The second method is to attempt to avoid Wi-Fi handoff altogether, or at least to mitigate
the effects. The use of channel layering wireless architectures for Wi-Fi allows the Wi-Fi
network to perform the same task for its inter-access-point handoffs as the cellular network
provides for its inter-base-station handoffs. By centrally controlling and regularizing the
handoff process, the network frees the phone to having to make only a very simple choice.

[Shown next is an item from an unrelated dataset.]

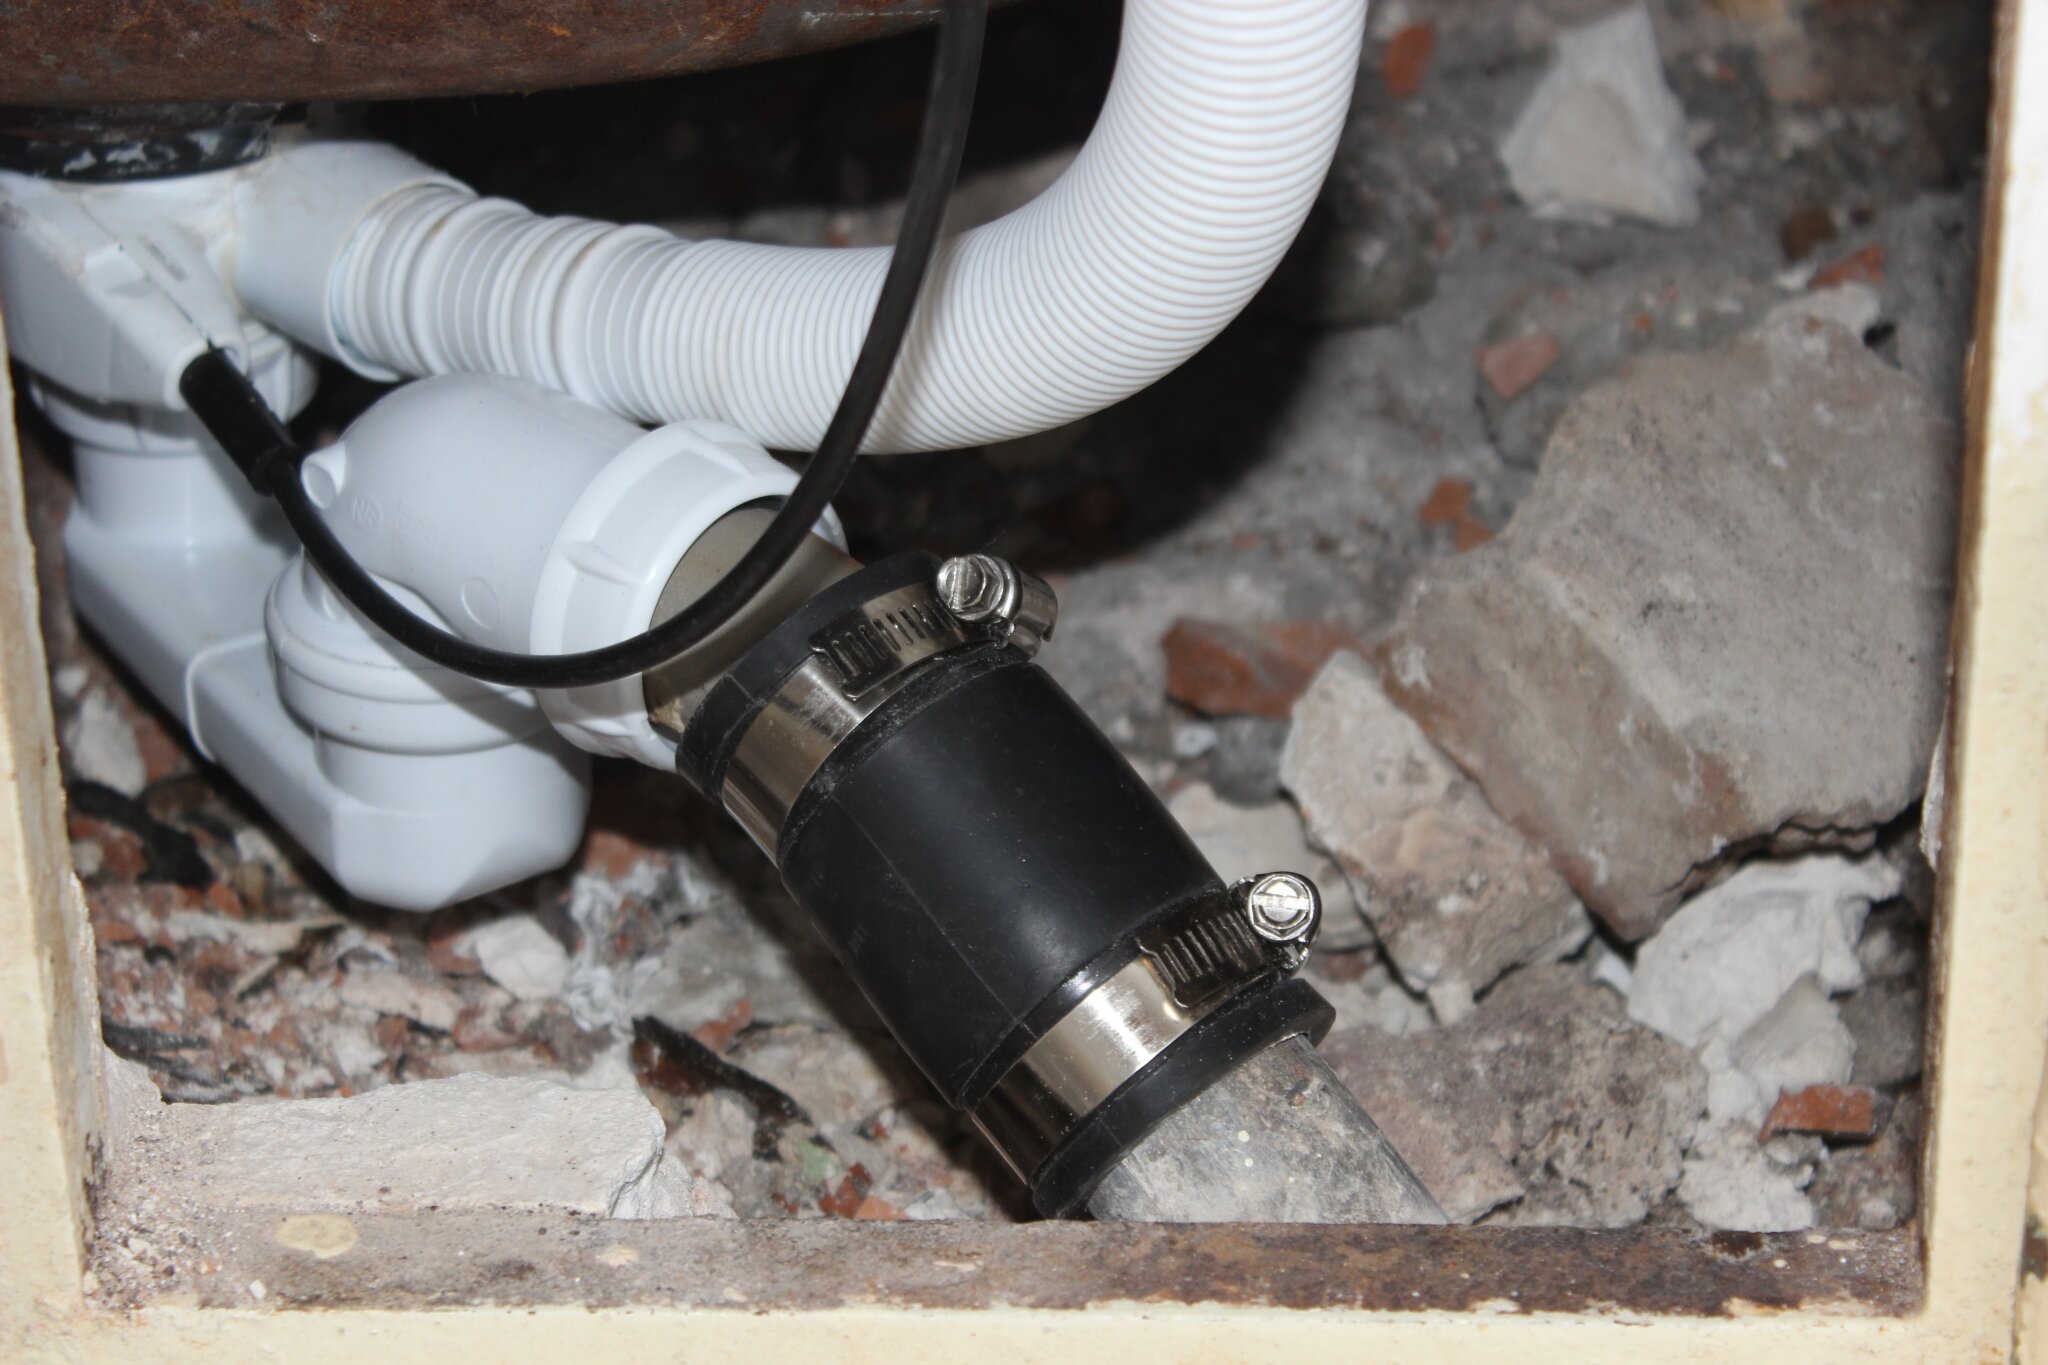 Comment colmater une fuite d'eau sur un tuyau cuivre / PVC ?
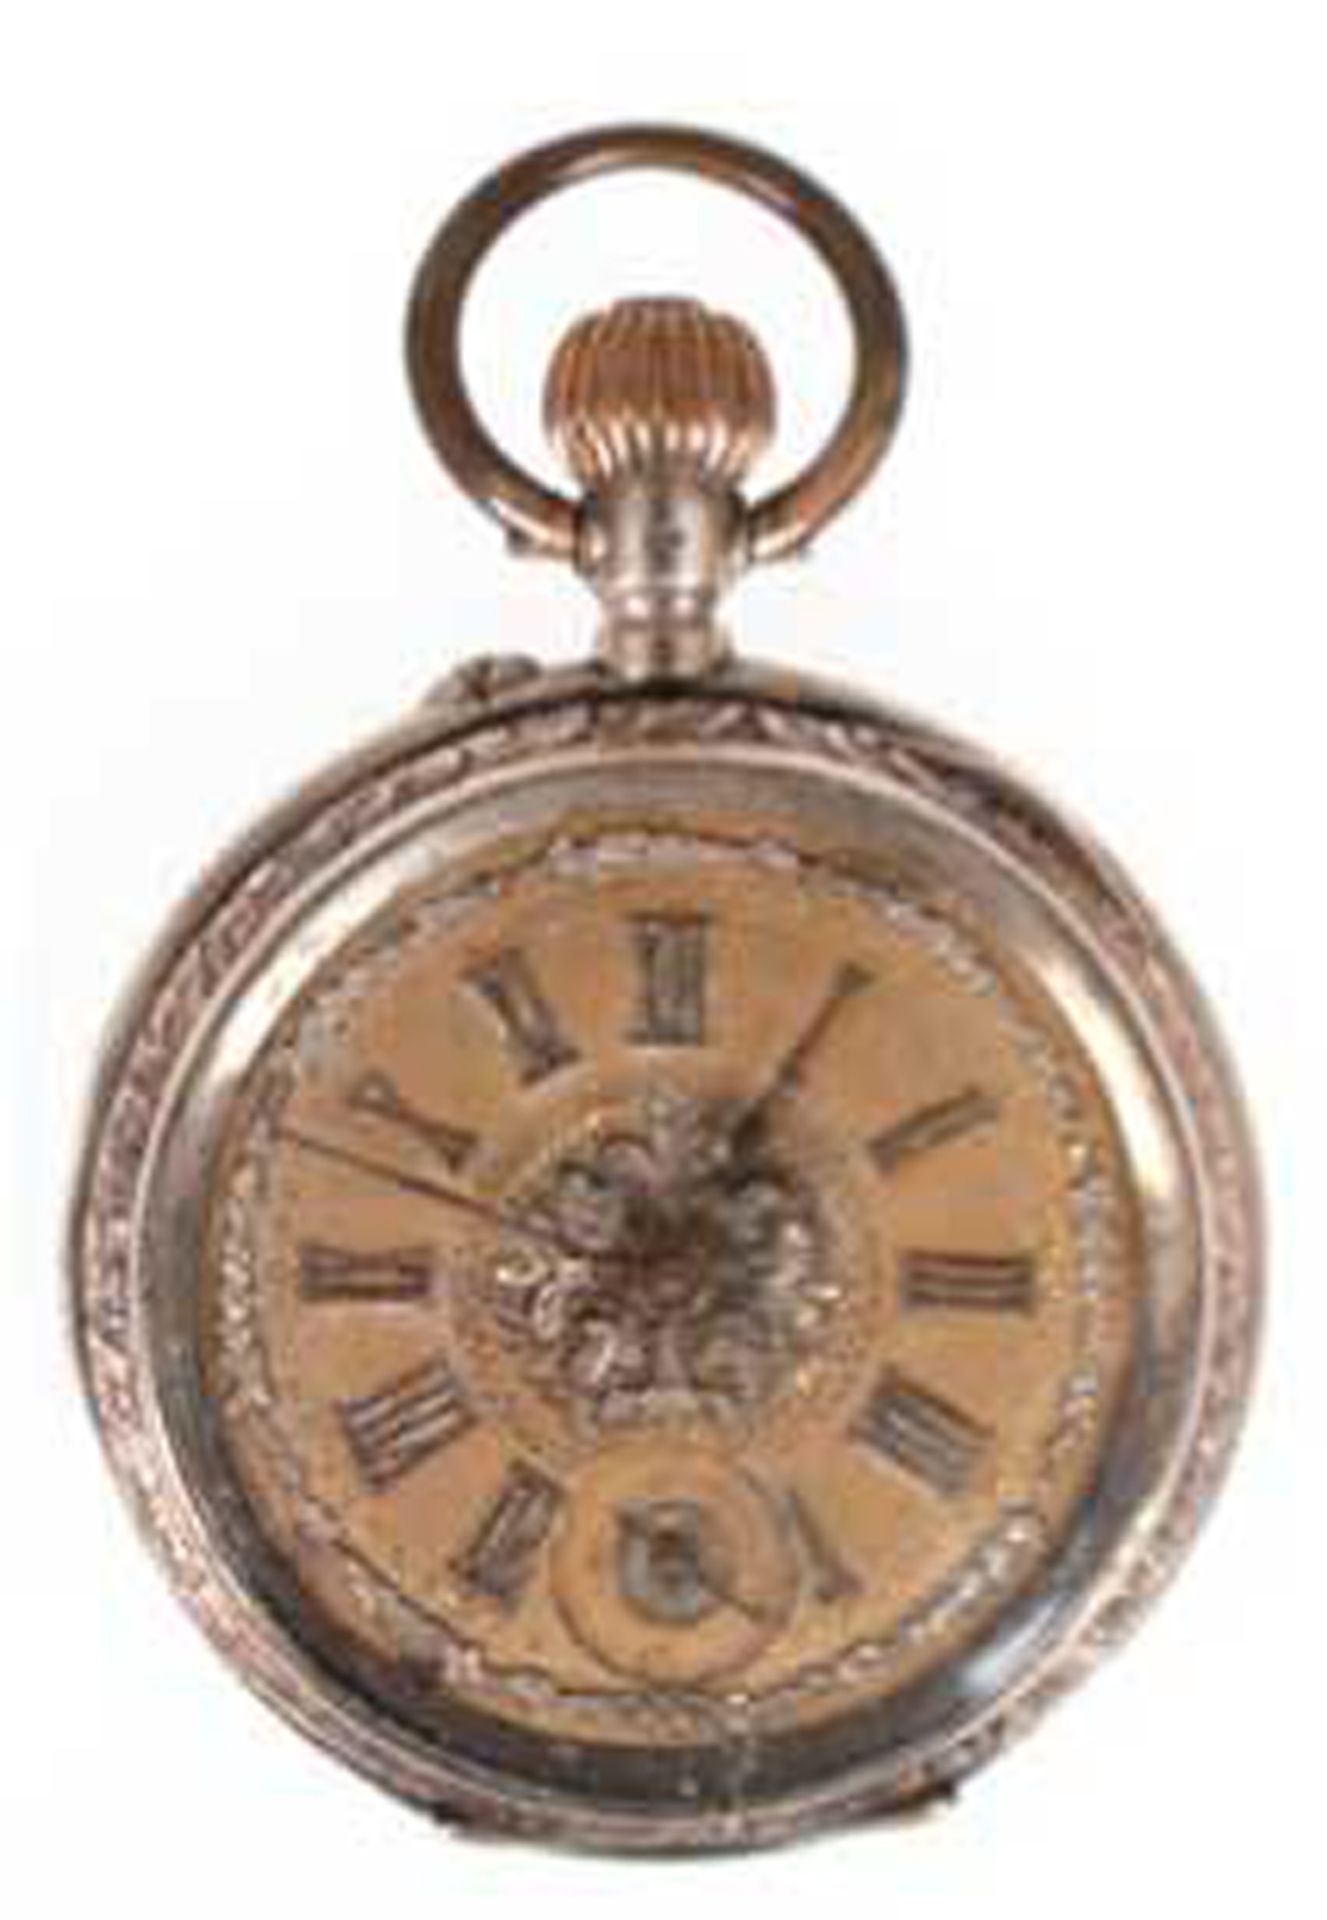 Taschenuhr, Silber, aufwendig gestaltetes Messing-Ziffernblatt mit römischen Zahlen und kleiner dez

Is the Wi-Fi network sufficiently strong to allow for a phone call, or is the cellular network
the correct network? This can eliminate the problem of poor FMC call quality for mobile
users in-building.
7.5 Cellular-Centric Technology with UMA
For voice mobility networks that may be considering a cellular-centric FMC solution, the
currently available technology is known as Unlicensed Mobile Access (UMA). UMA
integrates into the GSM cellular architecture, and uses the cellular-centric FMC architecture
to encode GSM signaling and bearer traffic directly over IP.
UMA requires the phone to have UMA-compatible software as well as the dual-mode radio.
The degree of integration of phone and handoff engines required for UMA is very high—
UMA interacts directly with the GSM engine—and thus UMA must be installed into the
cellphone by the manufacturer.
Within the carrier’s network, the FMC mobility gateway is installed as a UMA base station
controller. This controller uses what is known as the A interface to connect to the MSC, or
gateway switch. As far as the mobile network is concerned, the entire Internet-connected
phone population is local, not roaming, and connected to one special base station. The
UMA name for the FMC mobility gateway is the UMA Network Controller (UNC). As the
user hands out and in from the mobile operator’s network, the transitions which occur
appear to the GSM network as nothing more than an inter-BSC handoff. The one wrinkle to
this is that the mobile phone can be in a geographically distant area from the original
mobile network. In this case, because the IP traffic always goes back to the home MSC, the
handoff could very well be across MSCs and the PSTN.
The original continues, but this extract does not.